If a Perl language feature makes some logic easier to understand then I use it, if not I don't - even if it can do it in less code.
Your co-workers may think my code is extremely "un perl-ish", but I'll bet they understood exactly what the code is doing and could modify it to fix / extend it without any trouble:
my version:
#******************************************************************************
# Load the allowable ranges into a hash
#******************************************************************************
my %ipRanges = loadIPAddressFile("../conf/ip.cfg");
#*****************************************************************************
# Get the IP to check on the command line
#*****************************************************************************
my ( $in_ip_address ) = #ARGV;
# Convert it to number for comparison
my $ipToCheckNum = 1 * sprintf("%03d%03d%03d%03d", split(/\./, $in_ip_address));
#*****************************************************************************
# Loop through the ranges and see if the number is in any of them
#*****************************************************************************
my $startIp;
my $endIp;
my $msg = "IP [$in_ip_address] is not in range.\n";
foreach $startIp (keys(%ipRanges))
{
$endIp = $ipRanges{$startIp};
if ( $startIp <= $ipToCheckNum and $endIp >= $ipToCheckNum )
{
$msg = "IP [$in_ip_address] is in range [$startIp] to [$endIp]\n";
}
}
print $msg;
#******************************************************************************
# Function: loadIPAddressFile()
# Author: Ron Savage
# Date: 04/10/2009
#
# Description:
# loads the allowable IP address ranges into a hash from the specified file.
# Hash key is the starting value of the range, value is the end of the range.
#******************************************************************************
sub loadIPAddressFile
{
my $ipFileHandle;
my $startIP;
my $endIP;
my $startIPnum;
my $endIPnum;
my %rangeList;
#***************************************************************************
# Get the arguments sent
#***************************************************************************
my ( $ipFile ) = #_;
if ( open($ipFileHandle, "< $ipFile") )
{
while (<$ipFileHandle>)
{
( $startIP, $endIP ) = split(/\,/, $_ );
# Convert them to numbers for comparison
$startIPnum = 1 * sprintf("%03d%03d%03d%03d", split(/\./, $startIP));
$endIPnum = 1 * sprintf("%03d%03d%03d%03d", split(/\./, $endIP));
$rangeList{$startIPnum} = $endIPnum;
}
close($ipFileHandle);
}
else
{
print "Couldn't open [$ipFile].\n";
}
return(%rangeList);
}
(Note: the extra "#" lines are in there to preserve my freakin' spacing, which always gets whacked when posting code here)

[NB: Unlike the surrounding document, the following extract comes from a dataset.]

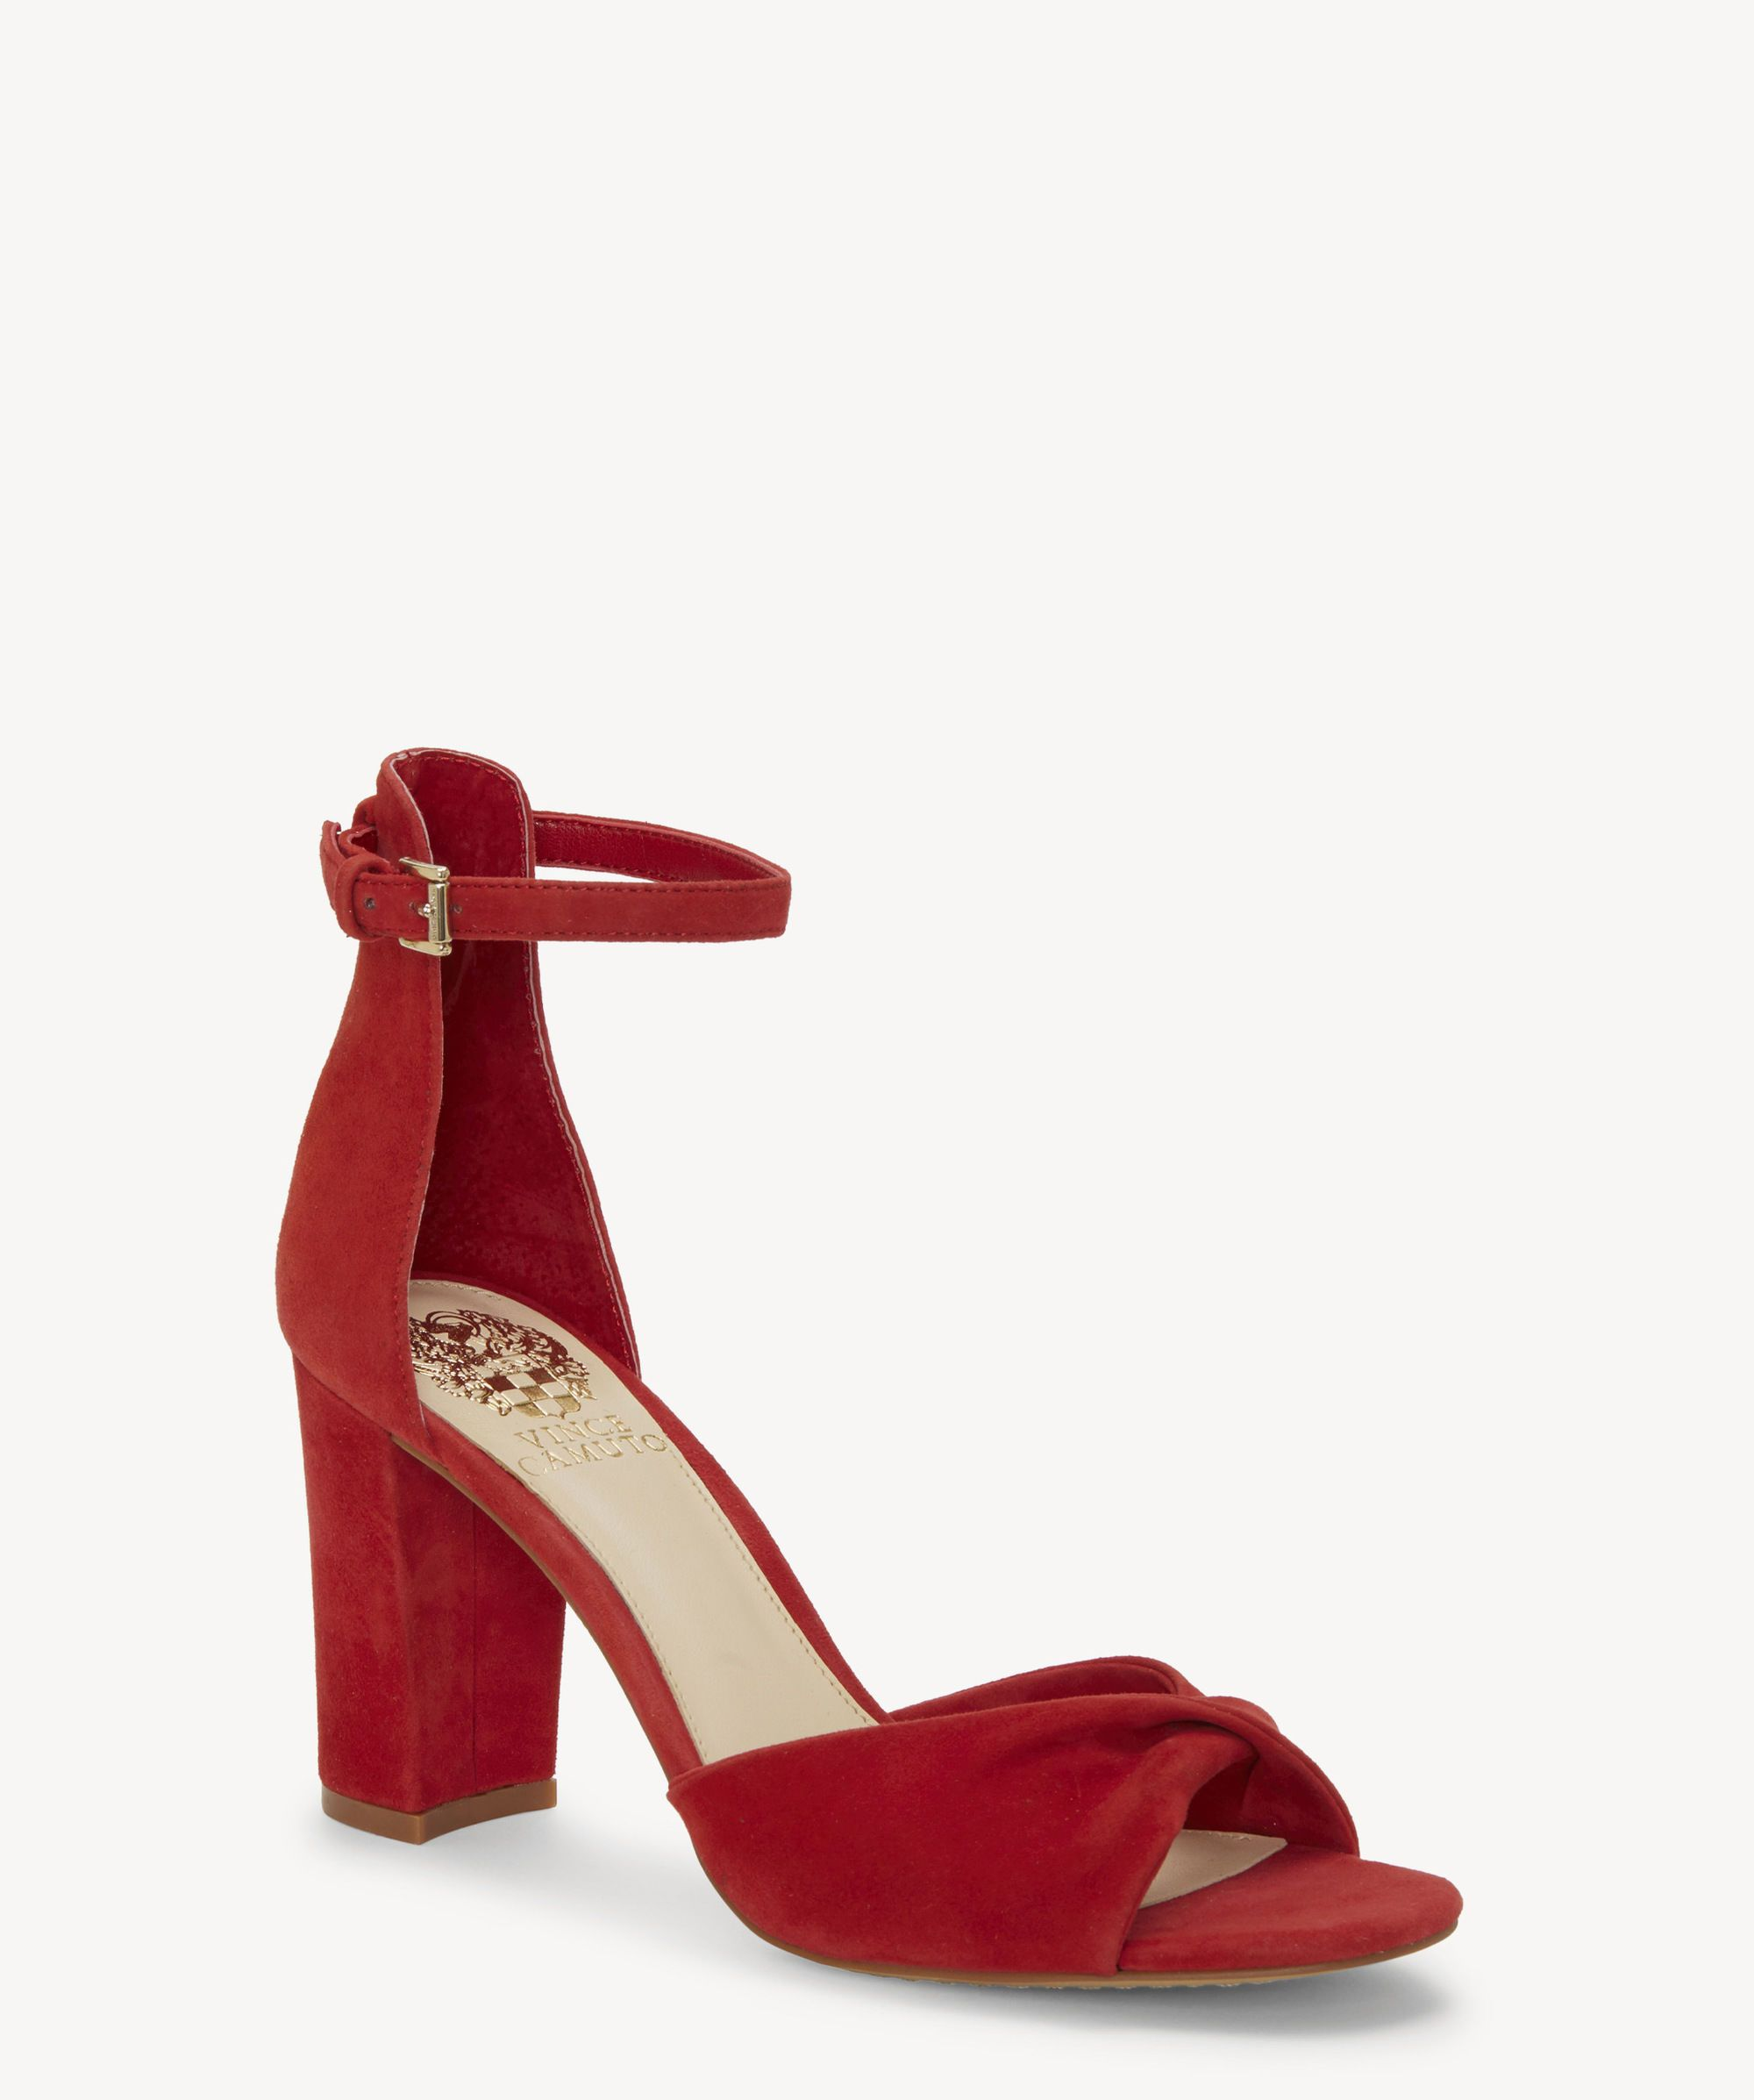 c822a457af84 Wesher in 2019 | Wedding | Vince camuto, Sandals, Leather heels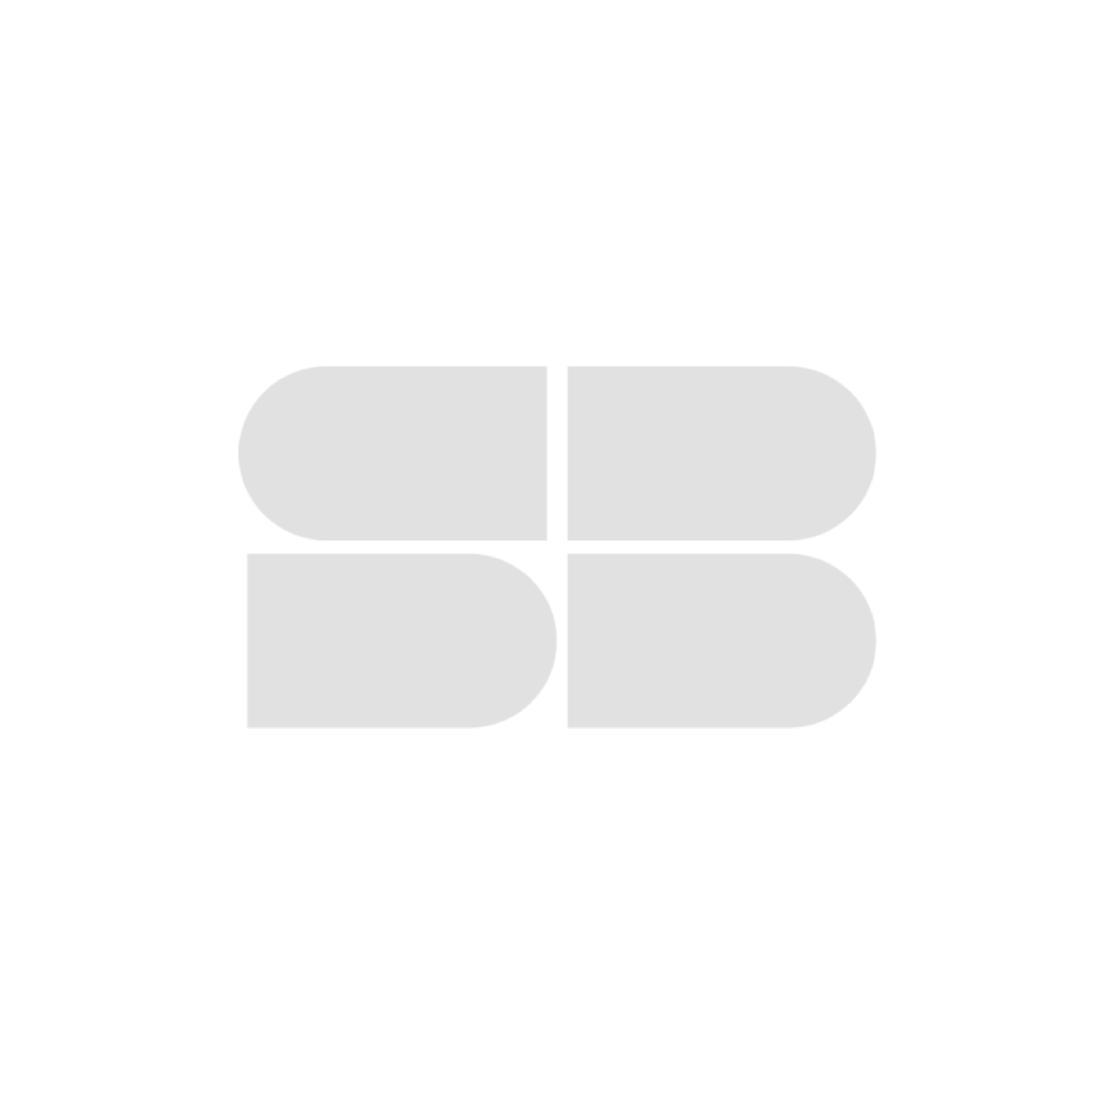 19184644-yakishi-furniture-sofa-recliner-corner-sofa-01

Am I missing something... will any of the above array versions work? The mods are performed on variables local to the for loop. I think Brad Gilbert's Net::IP solution would be my choice. Chris Lutz pretty much cleaned the rest the way I would've.
As an aside - some of the comments about readability strike me as curious. Are there fewer [vigorous] complaints about the readability of Erlang/Lisp syntax because there is ONLY ONE way to write code in them?
This is probably more like C, but is also more simple:
use Socket qw(inet_aton inet_ntoa);
my $ip = ("192.156.255.255");
my $ip_1 = inet_ntoa(pack("N", unpack("N", inet_aton($ip))+1));
print "$ip $ip_1\n";
Update: I posted this before reading all of the code in the question. The code here just does the incrementing of the ip address.